Civilization, of course, cannot be conceived as an error, as a whole new vistas of exploration i.e. outer space, the fabric of matter, the way and
manner our body and brain works to create consciousness, and how this dynamical process electrodynamically links up with other processes - have only
be possible
because of the human beings which came to take on an elitist belief system.
Consciousness, or the brain-mind, is also very complex - allowing for different sorts of experience of self-in-the-world, as Julian Jaymes, for
example, believed, the ancients may have experienced their "daimons", or their own unconscious, as a 'guide' to their self-in-action.
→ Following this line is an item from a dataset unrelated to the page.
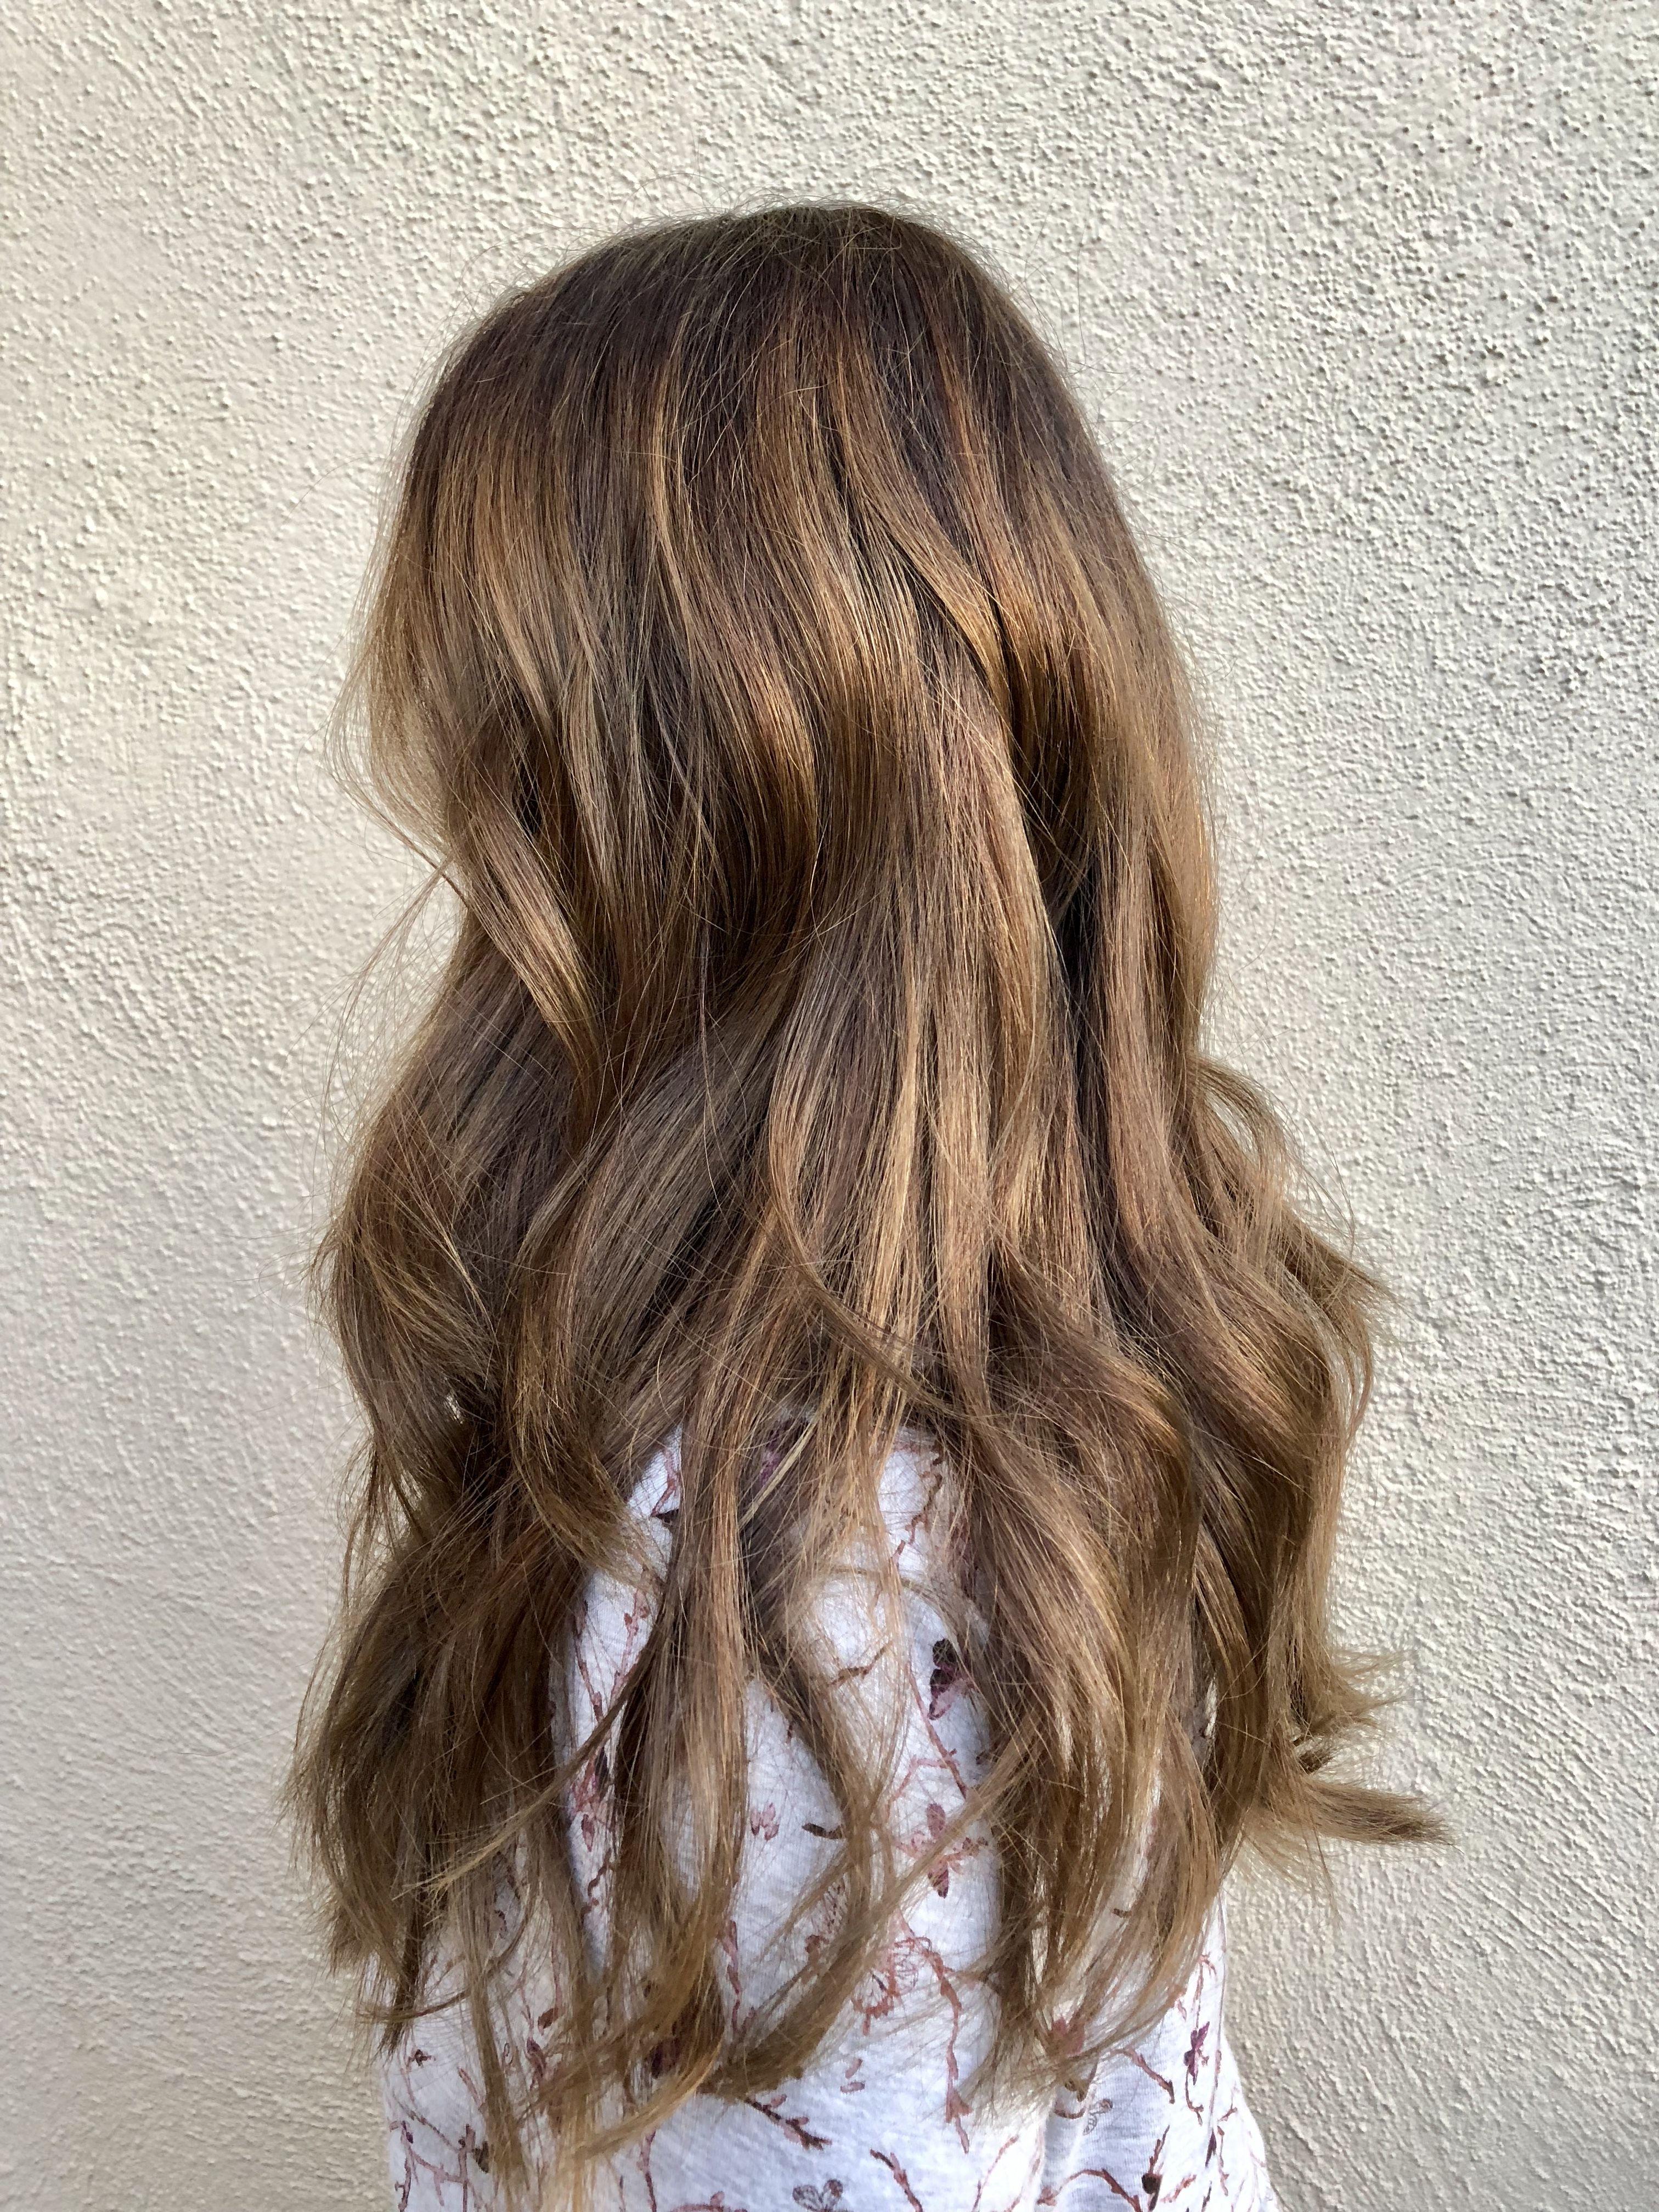 Balayage hair hairbyorit haircolor pravana color sunkissedhair

Plato, of
course, claimed to be such a person; and many today look upon this ancient way of knowing as if it were superior to the theoretic-empirical mission of
science, which is the only form of knowing which can build up a material world that is worth living in i.e. understanding so that we can better live
with it.
It was by killing, to put it bluntly, this idea of "magic" and the mysterious, that mankind has moved to an even higher-plane of existence:
understanding that what was earlier experienced as "mystical", and subject to something we termed "gods", was, and is, and has always been, an
expression of the dynamical configuration's that emerge between brains-in-interaction - brains that map one another's self-other relations, so that
a common 'attractor', or common organizing vector, can be recognized as the 'other-side' of the self-organizing process which occurs through
matter: in other words, the SINK which guides the flowing of energy within the physical world (the relations between self and other).
This is not, however, an independently existing, external element: since dynamical processes in the material world are based in symmetry and entropy -
or ordered and disordered matter - the "sink" constitutes the Whole that the Parts move towards. The Parts, in moving in a particular direction, do
so because of the wider-world, or the ecology, which has acted upon the structuring of your brain-body since you were born.
Thus, probability, or Bayesian probability, underlies every single instant of your experience. The cells within you move along the 'path of least
resistance' towards that which your body considers "coherent" in terms of the functional/motivational needs of the moment, as it relates to the
environmental affordances around you.
Perfectly understandable all this is.
I'm pretty sure George Lucas knows that Yoda is Hebrew for "to know". If knowing can be "computed" on the inside, as a relational mode of
attuning-to, as expressed so well by the German biologist and philosopher Johann Von Goethe in his study of light and of organisms, it seems like true
knowledge is always about "connection" between subject and object.
But this isn't the point of this thread. My point is far more logical: why do you, or humans, trust themselves? Is it because of fear, and fear
cripples us? Is it because fear makes us angry? And anger, in making us feel strong, feels like a preferable emotion than to one which leaves us
feeling weak and small? Is it the thinking? The non-stop thinking? Or is the people we surround ourselves with? The "friends" which, only we could
get away from one another, would find happiness in another (and different) persons company?
Huddling as one group, and feeling strong because of it, is fine so long as you aren't hurting others. Yet, of course, much of modern human society
is built by a group-logic that turns people into inevitable enemies of one another, primarily because there is an antagonism against knowledge, and a
lack of awareness of, or appreciation of, the way knowledge controls feeling as much as it does believing. Good knowledge - good actions - really are
correlated with feelings of goodness - simply because what is "good" from the perspective of our body is achieving those states of teleodynamical
correlation which underlies the normal lifeworld of the human being.
There is only one truth, and it is the human truth: our bodily form and lived environments.